## Your task
Note on the material below: return exactly the lines from the line that holds "Things to Consider When Buying a House" through the line that holds "Nude Classic Beanie in Coffee", and leave out each picture.

## Given data

>>>>

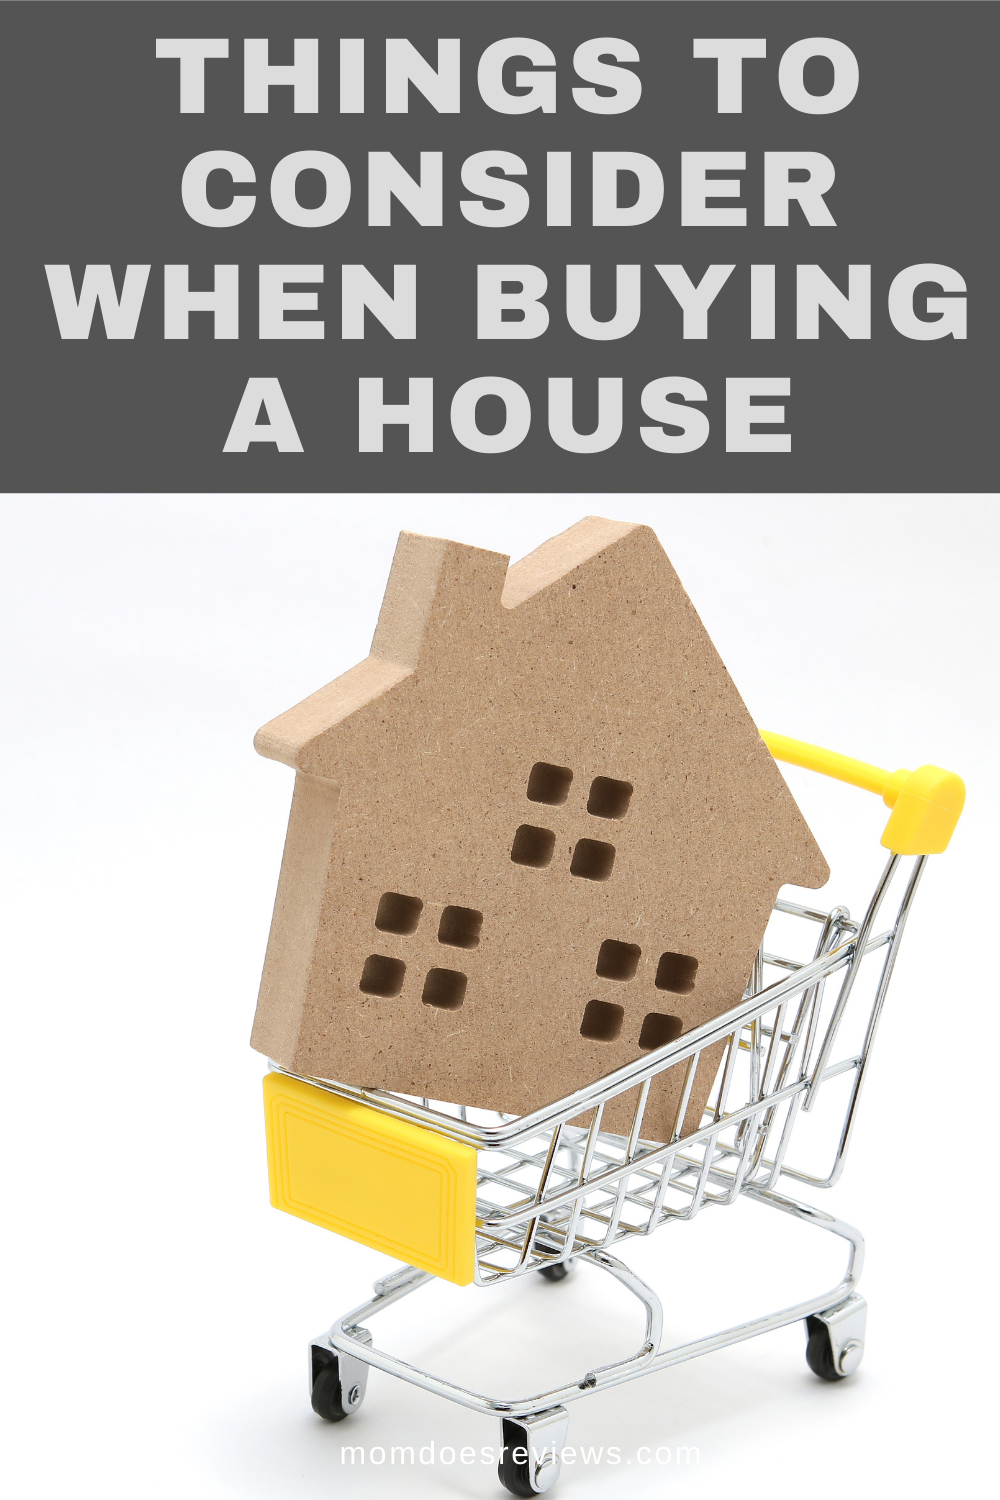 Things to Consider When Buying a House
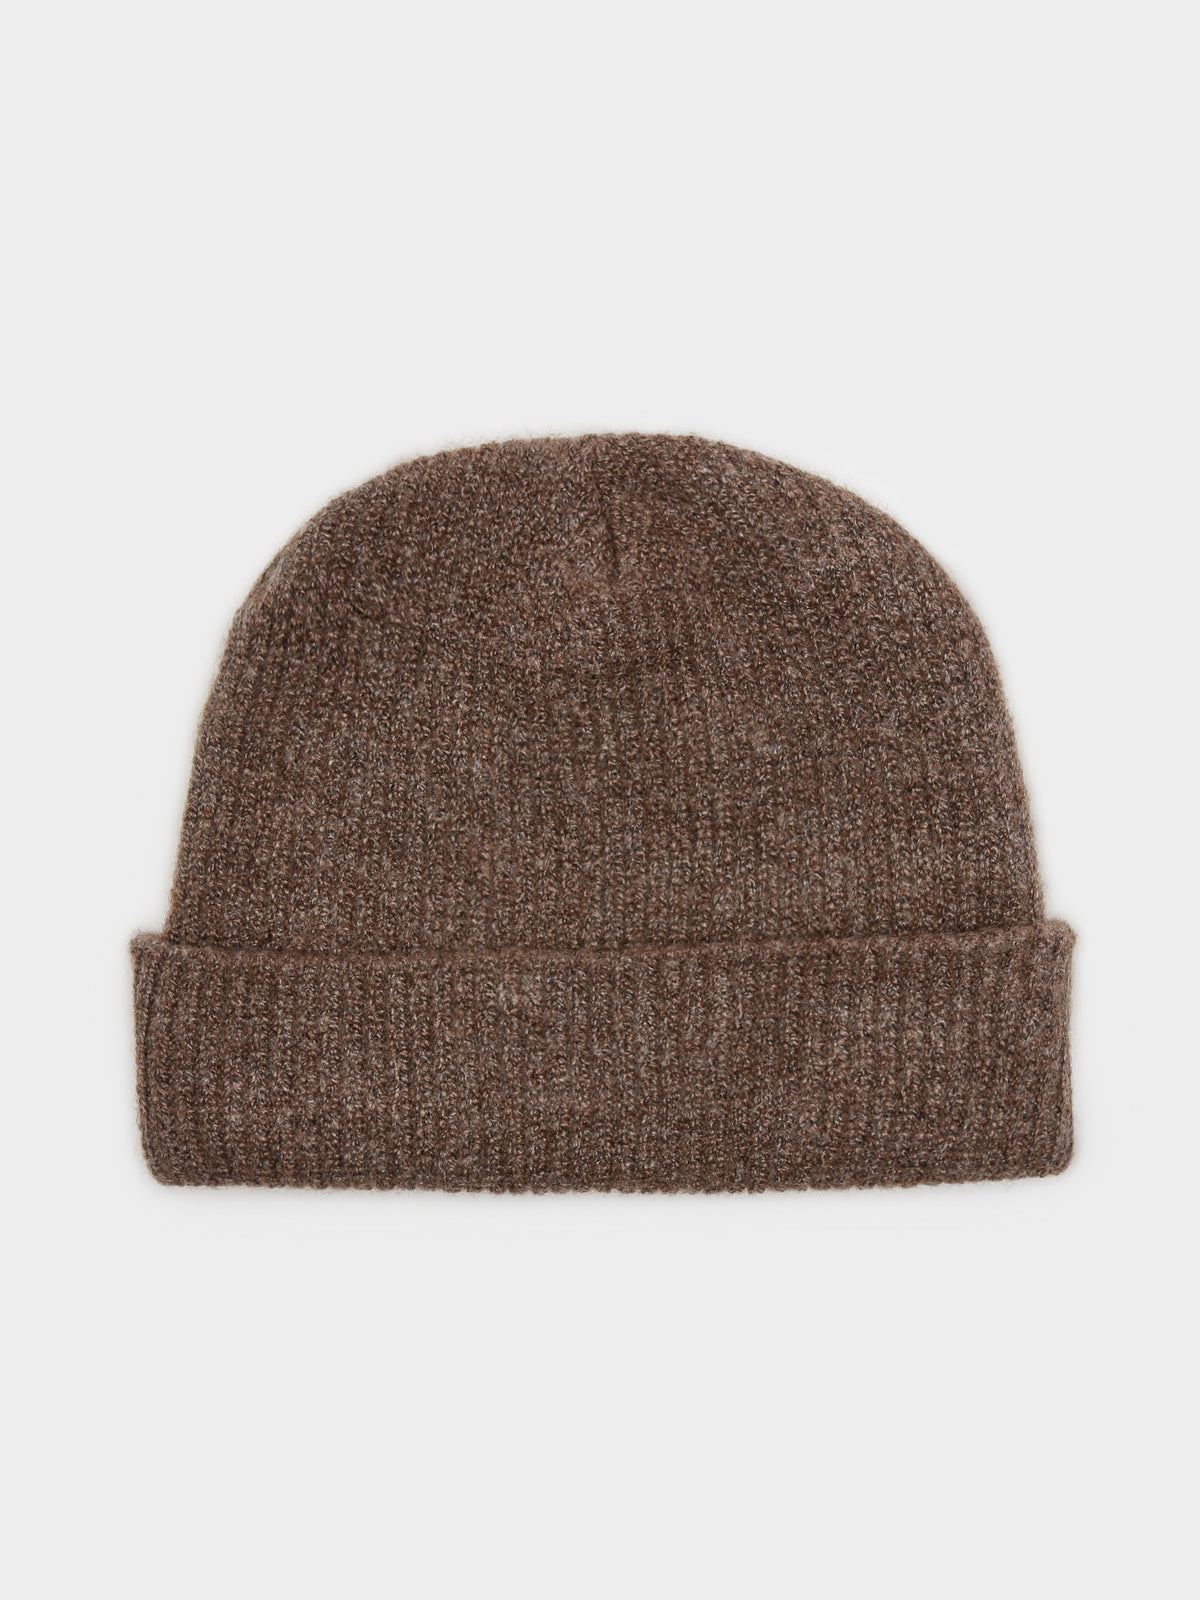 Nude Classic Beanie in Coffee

<<<<
>>>>

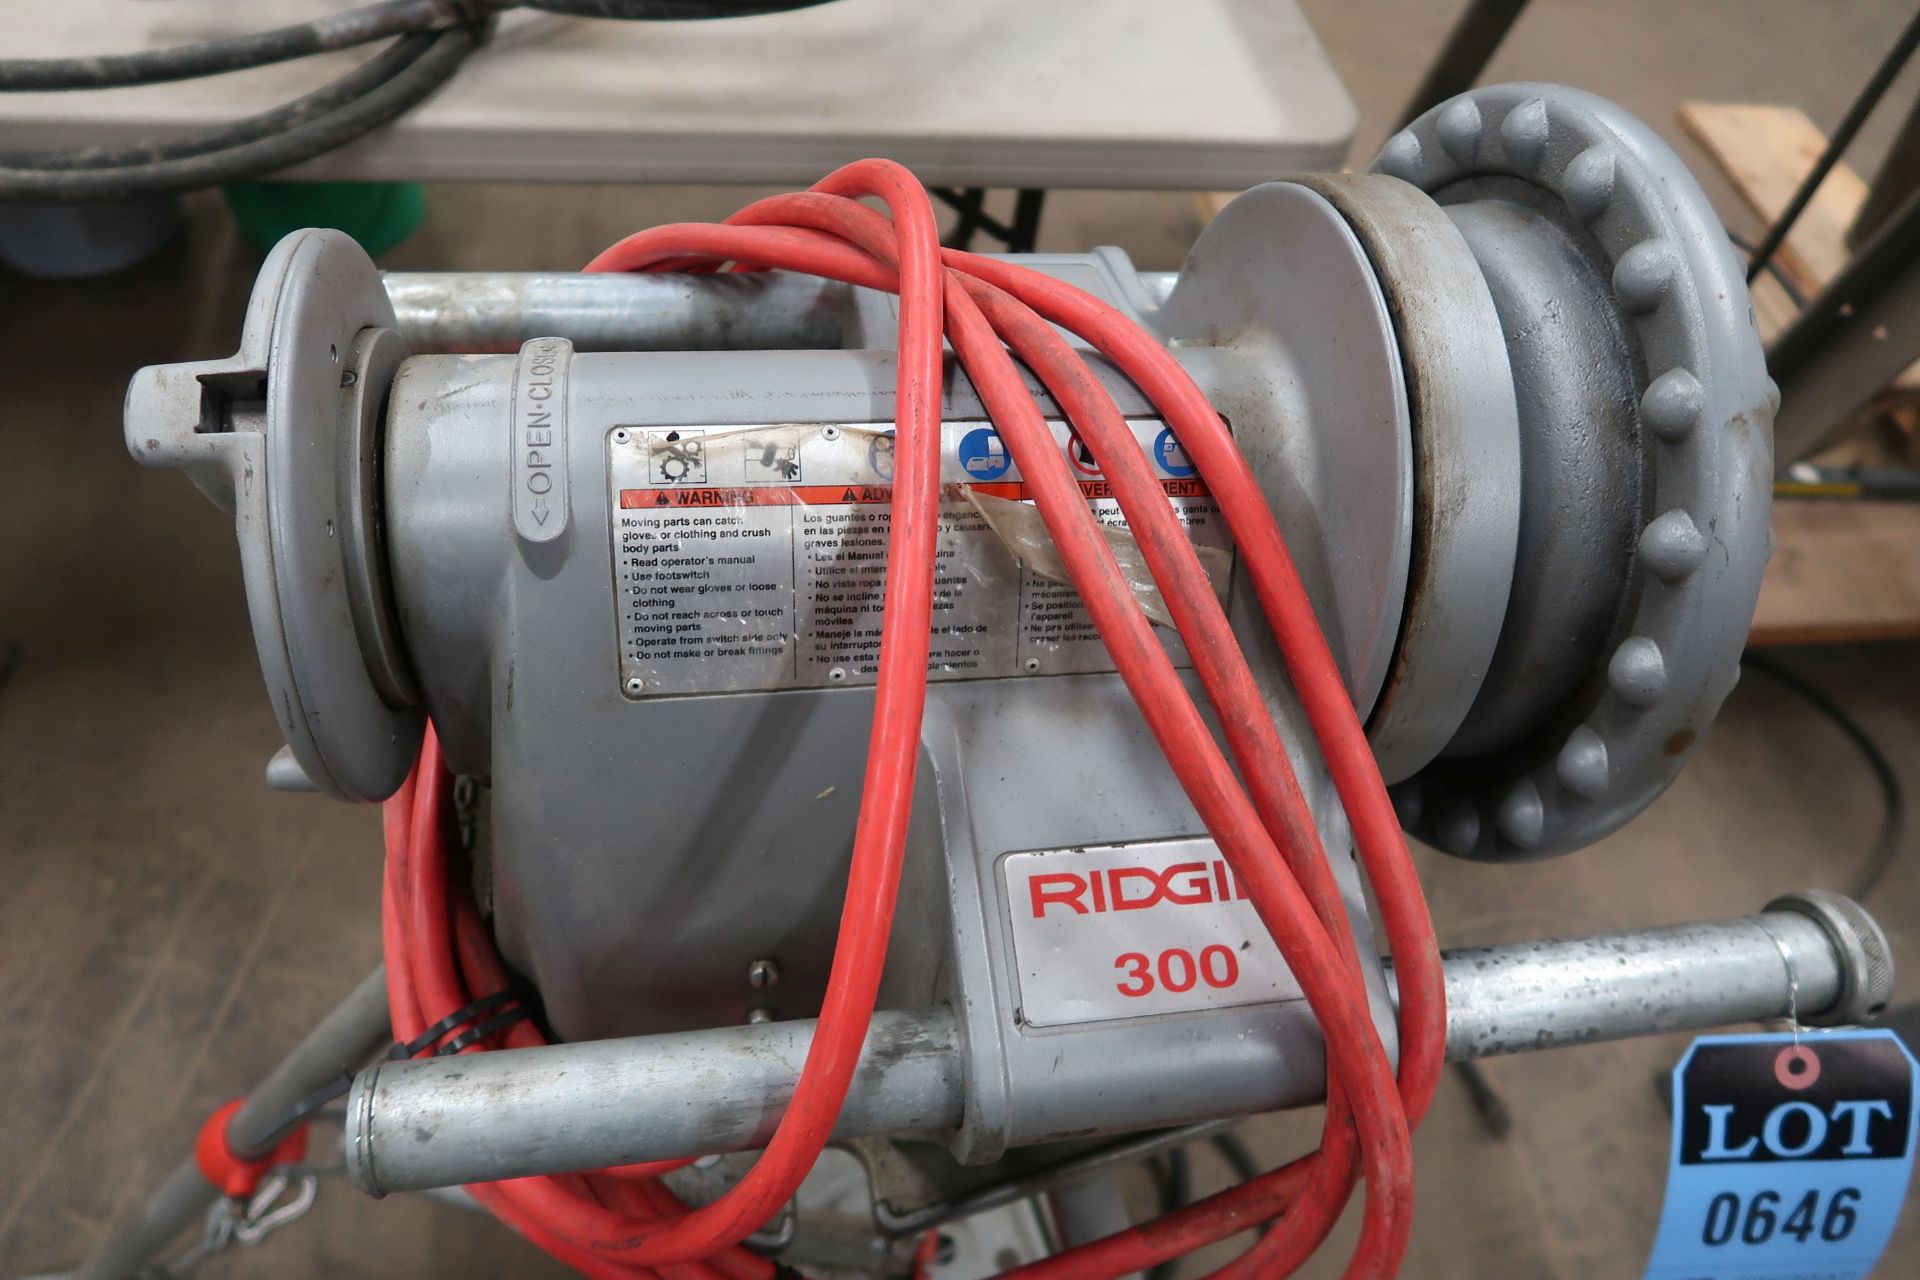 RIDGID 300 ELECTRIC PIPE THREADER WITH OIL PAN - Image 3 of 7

<<<<

## Response for this exercise
 Things to Consider When Buying a House
 Nude Classic Beanie in Coffee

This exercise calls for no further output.